Background information
- Born: Troy, New York
- Genres: Punk rock, surf punk, surf
- Occupations: Musician, songwriter, guitarist
- Instrument: Guitar
- Years active: 1995–present
- Labels: DeFi Records, Dead End Records (DER)
- Website: laramiedean.com

= Laramie Dean =

Laramie Dean (born January 12, 1971) is an American guitarist.

==Biography==
Dean was born in Troy, New York, and grew up on the Hudson River. In 1995 he moved to Portsmouth, New Hampshire.

Dean began playing at the Elvis Room, and recording with Jim Tierny, as well as Joe King a.k.a. Joe Queer of New Hampshire pop punk band The Queers. At his first show at the Elvis Room, Dean met Tamara Collins. Collins gave Dean extensive airplay on her punk rock radio show "No Rules" which aired on New Hampshire's college radio station 91.3 WUNH.

In 1999, Dean released his first 7-inch EP titled "Listen to Laramie Dean ...you can almost smell the rubber burn!" One of the songs on this EP was also featured on the "Food Not Bombs" benefit compilation for Amnesty International, which also included tracks from The Unseen, The Ducky Boys and Anti-Flag.
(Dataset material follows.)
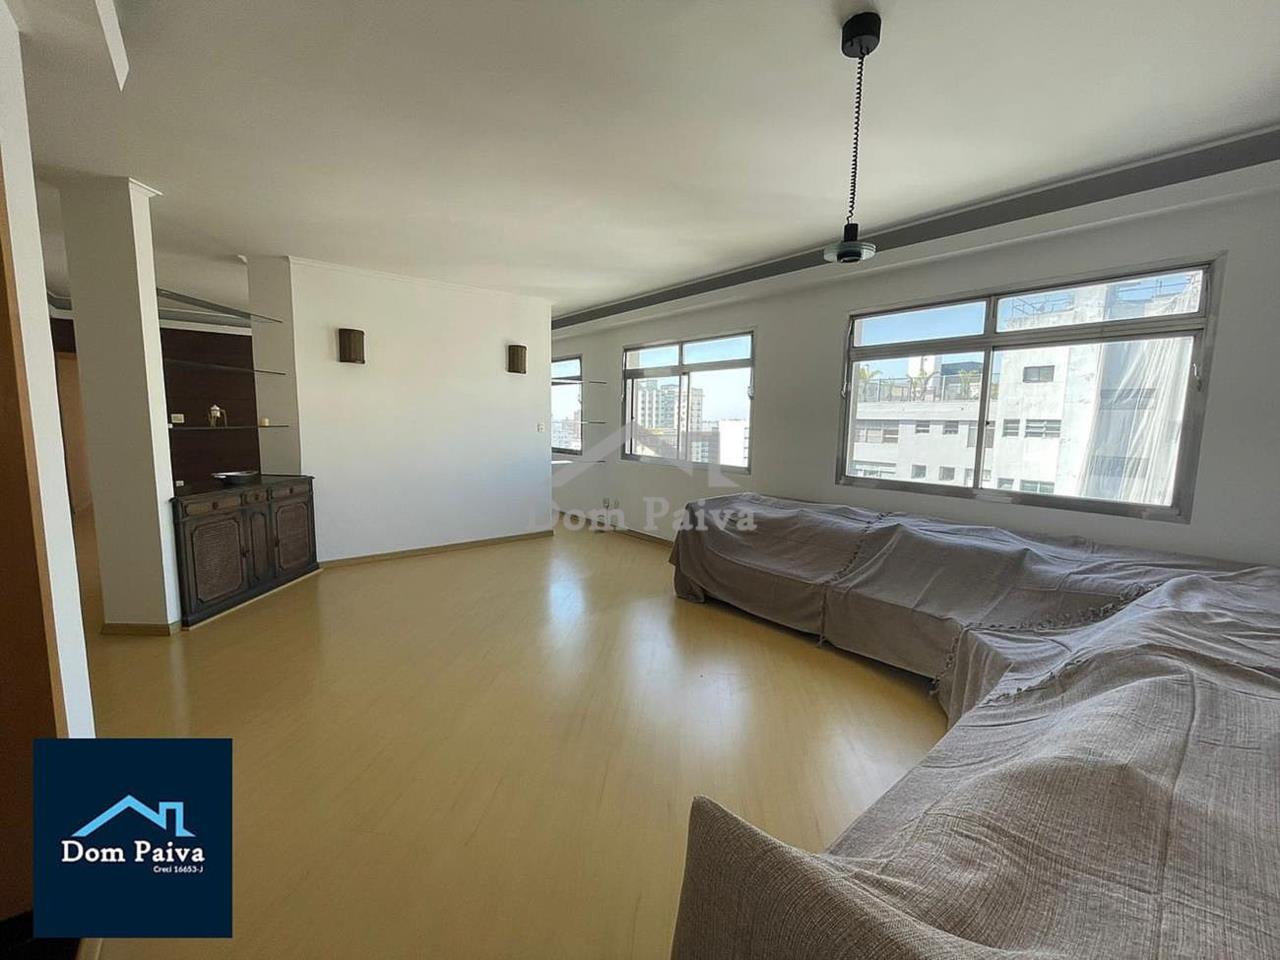 Apartamento So Paulo  Higienpolis  Condominio Edificio Bolivar - Rua Maranhao, 531 - Higienopolis

In June 2007, Dean recorded his only full-length LP, "Laramie Dean Plays Surf Riot!" in Miami Florida, which was released at the Misfits' 30th anniversary tour.

In January 2008, Dean relocated to Los Angeles and made his first L.A. appearance at Largo with his friend, comedian and author Greg Behrendt. Backing Dean was Behrendt's band, The Reigning Monarchs. A month later, Dean toured with Mike Palm and his band Agent Orange.

In July 2010, Dean began his first solo national headlining tour (from San Diego through Seattle and as far east as Ft. Lauderdale), joined with former Aggrolite member Korey "Kingston" Horn (drums), Jeff Bennet (saxophone) and Galaxia Records surf jazz musicians The Mattson 2 (bass/keyboards).

In September 2010, Dean completed a second US tour as a three-piece band beginning in Florida and ending in New Mexico, with "King of the Surf Guitar" Dick Dale's 18-year-old son Jimmy Dale on drums and newcomer Trevor Lucca on bass guitar.

January 2011 saw Dean completing just over 400 shows with the aforementioned Agent Orange, touring the US, Canada, Europe and the UK.

In June 2011, Laramie embarked on a rare national tour with Dick Dale himself, beginning with their first appearance together at Tucson's The Hut. Joined again by Dale's son Jimmy on drums, and Trevor Lucca on bass, Dean's act is rounded out with latest newcomer, Japanese import Hideki Ikeura on trumpet and keys.

On October 20, 2012, Dean made a last-minute appearance closing out the first day of the Arizona Taco Festival. Dean was backed by Phoenix retro-surf-instrumental band, The Amazing Coconauts, as drummer Jimmy Dale was missing following a brief run-in with the law. Los Angeles bassist, Danny Servo, performed a few songs standing in for Dean's bassist Lucca, who was also unavailable for the late-notice show.

In 2013, Dean did another US tour with Jimmy Dale, Trevor Lucca, and Alex Lewis. On this tour, Trevor Lucca's other band, Hardship Anchors were support.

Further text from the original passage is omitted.